OK, so...  My first reaction had been complete BS.  However, the
same goes for your analysis - it's not an ordering problem at all.
What happens is that we are replacing file->path.mnt with a clone
and we want the write count contribution (file is opened for write)
to be transferred.  That's it.  We do *NOT* want any kind of
freeze protection for the duration of switchover.

IOW, the solution is to switch to __mnt_{want,drop}_write() for that
switchover; we don't want to mess with freeze protection at all.

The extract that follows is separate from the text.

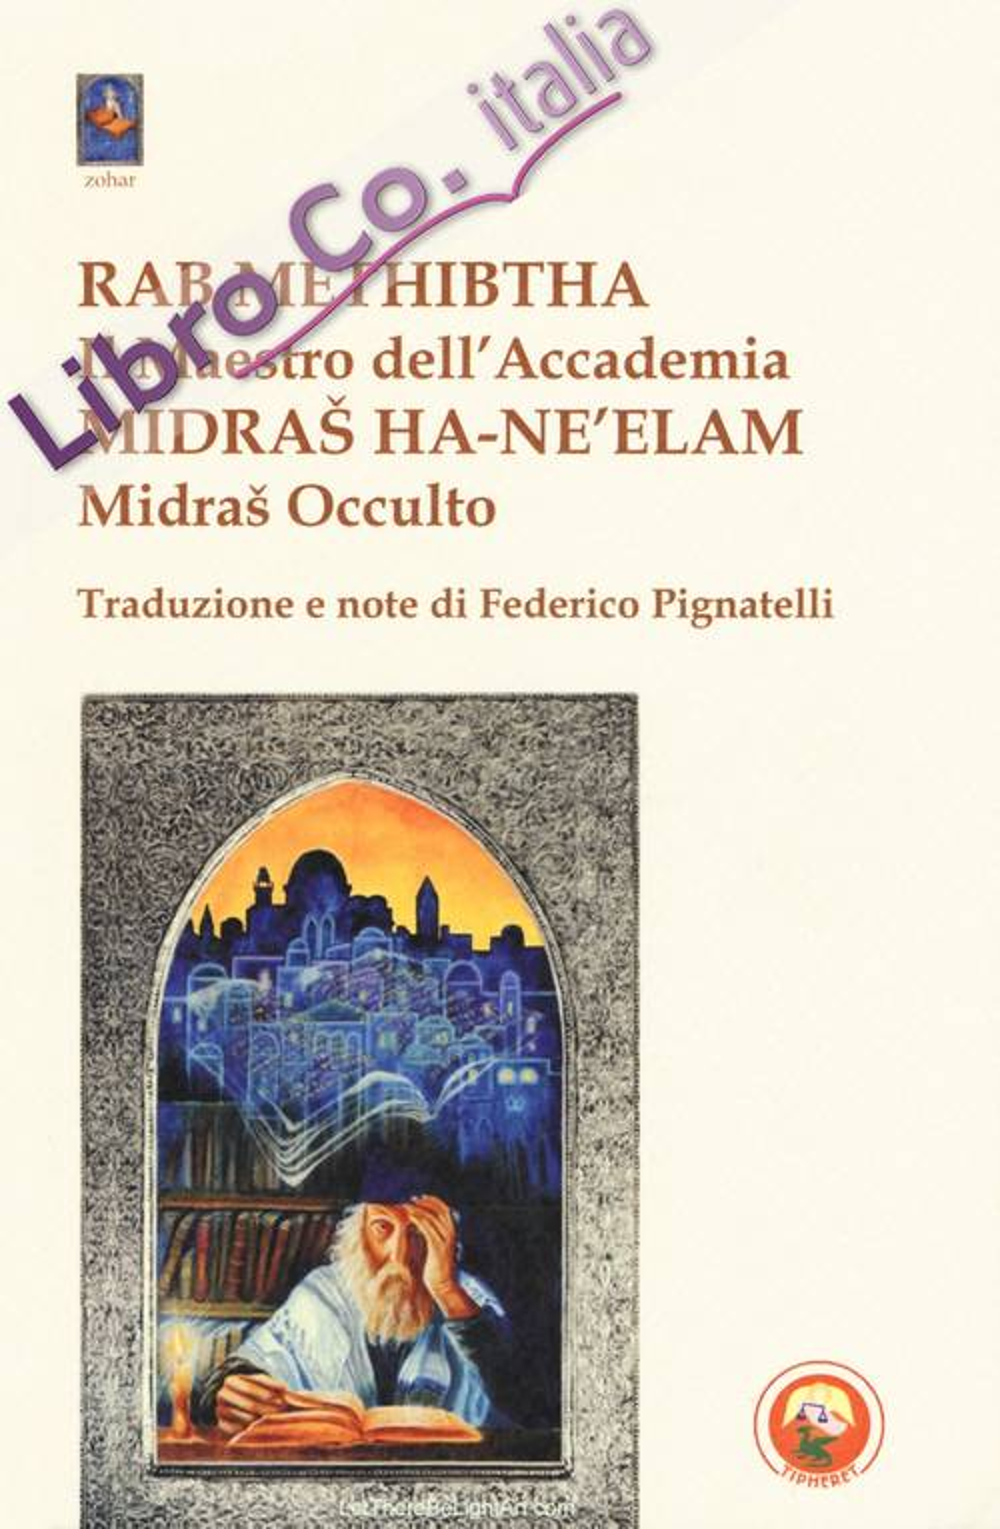 Rab Methibtha (Il maestro dell'accademia)-Midras Ha-Ne'lam (Midras occulto)
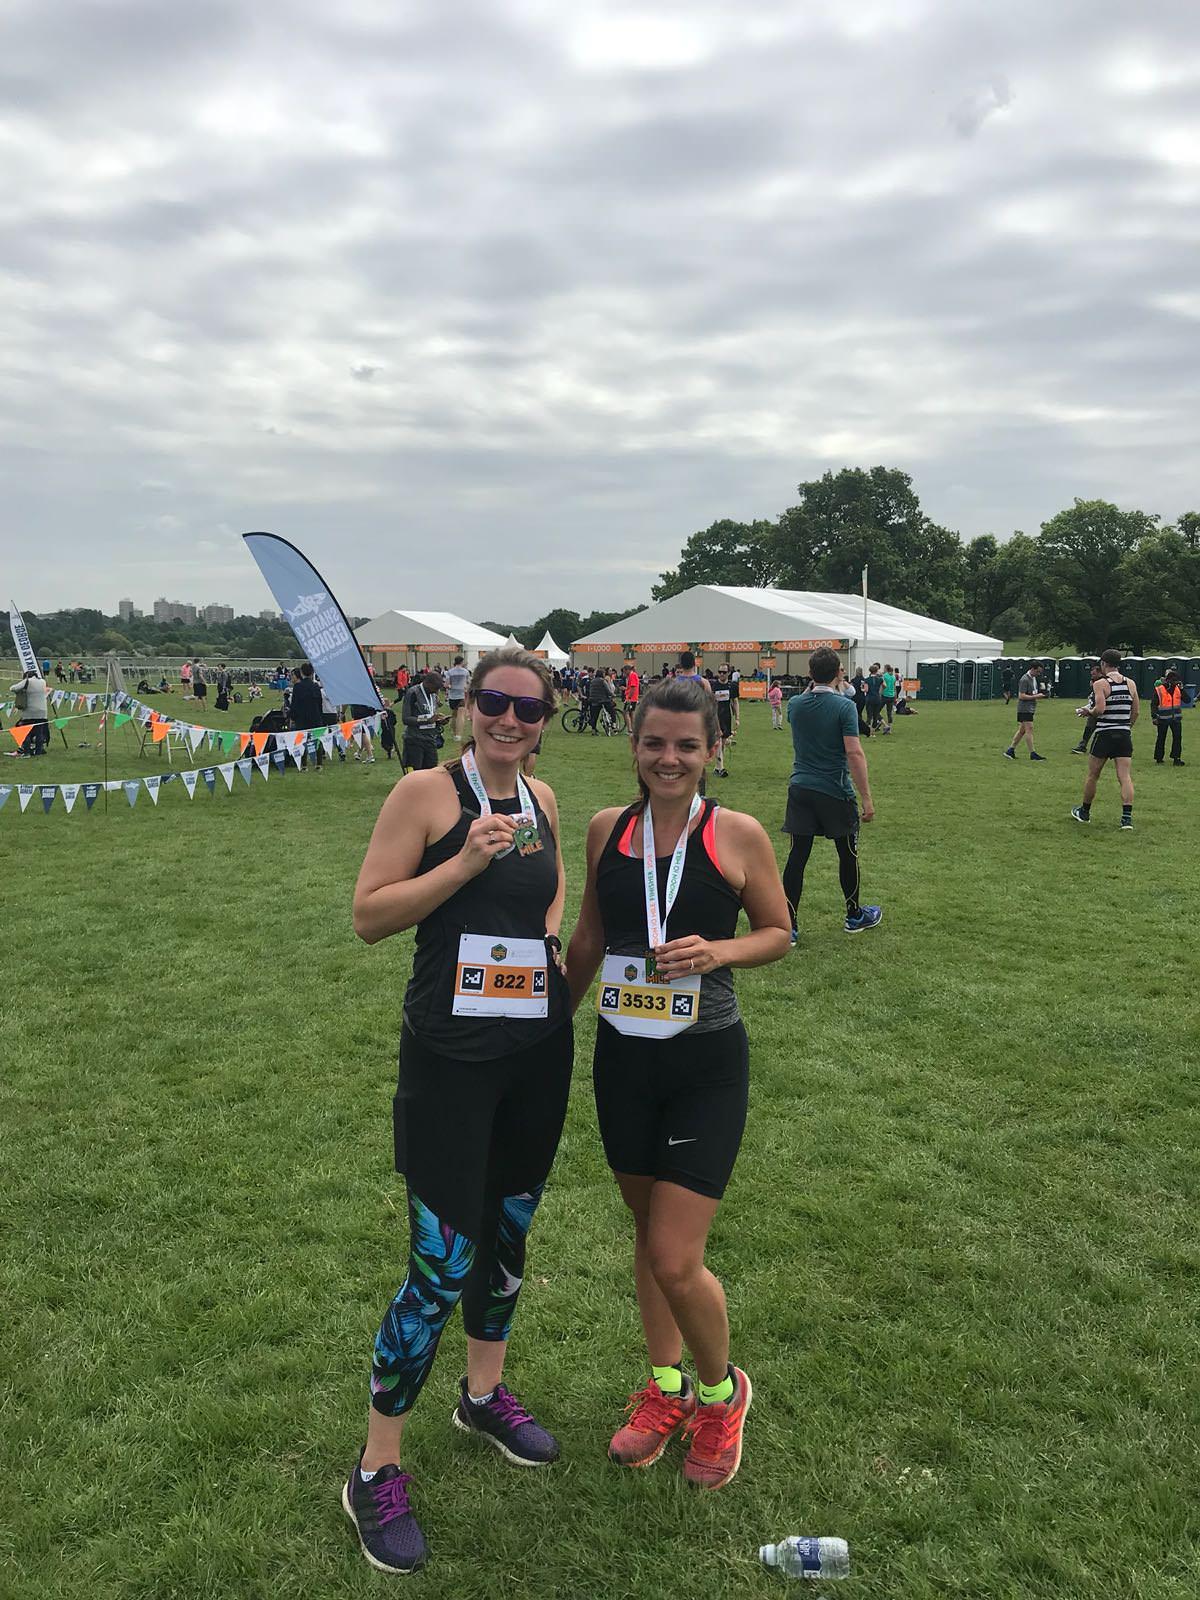 London 10 Miler Race Recap

Signed-off-by: Al Viro <viro@zeniv.linux.org.uk>
---
diff --git a/fs/internal.h b/fs/internal.h
index 6a8b71643af4..2e7362837a6e 100644
--- a/fs/internal.h
+++ b/fs/internal.h
@@ -89,9 +89,7 @@ extern int sb_prepare_remount_readonly(struct super_block *);
 
 extern void __init mnt_init(void);
 
-extern int __mnt_want_write(struct vfsmount *);
 extern int __mnt_want_write_file(struct file *);
-extern void __mnt_drop_write(struct vfsmount *);
 extern void __mnt_drop_write_file(struct file *);
 
 /*
diff --git a/include/linux/mount.h b/include/linux/mount.h
index 9197ddbf35fb..bf8cc4108b8f 100644
--- a/include/linux/mount.h
+++ b/include/linux/mount.h
@@ -87,6 +87,8 @@ extern bool mnt_may_suid(struct vfsmount *mnt);
 
 struct path;
 extern struct vfsmount *clone_private_mount(const struct path *path);
+extern int __mnt_want_write(struct vfsmount *);
+extern void __mnt_drop_write(struct vfsmount *);
 
 struct file_system_type;
 extern struct vfsmount *fc_mount(struct fs_context *fc);
diff --git a/kernel/acct.c b/kernel/acct.c
index addf7732fb56..81f9831a7859 100644
--- a/kernel/acct.c
+++ b/kernel/acct.c
@@ -227,7 +227,7 @@ static int acct_on(struct filename *pathname)
 		filp_close(file, NULL);
 		return PTR_ERR(internal);
 	}
-	err = mnt_want_write(internal);
+	err = __mnt_want_write(internal);
 	if (err) {
 		mntput(internal);
 		kfree(acct);
@@ -252,7 +252,7 @@ static int acct_on(struct filename *pathname)
 	old = xchg(&ns->bacct, &acct->pin);
 	mutex_unlock(&acct->lock);
 	pin_kill(old);
-	mnt_drop_write(mnt);
+	__mnt_drop_write(mnt);
 	mntput(mnt);
 	return 0;
 }
Al Viro April 4, 2019, 7:19 p.m. UTC | #4
On Thu, Apr 04, 2019 at 01:52:55PM +0300, Amir Goldstein wrote:

> If new file is on the same fs as old file, acct_pin_kill(old) fail to
> file_start_write_trylock() and skip writing the old file, because
> sb_writers (of new) is already taken by acct_on().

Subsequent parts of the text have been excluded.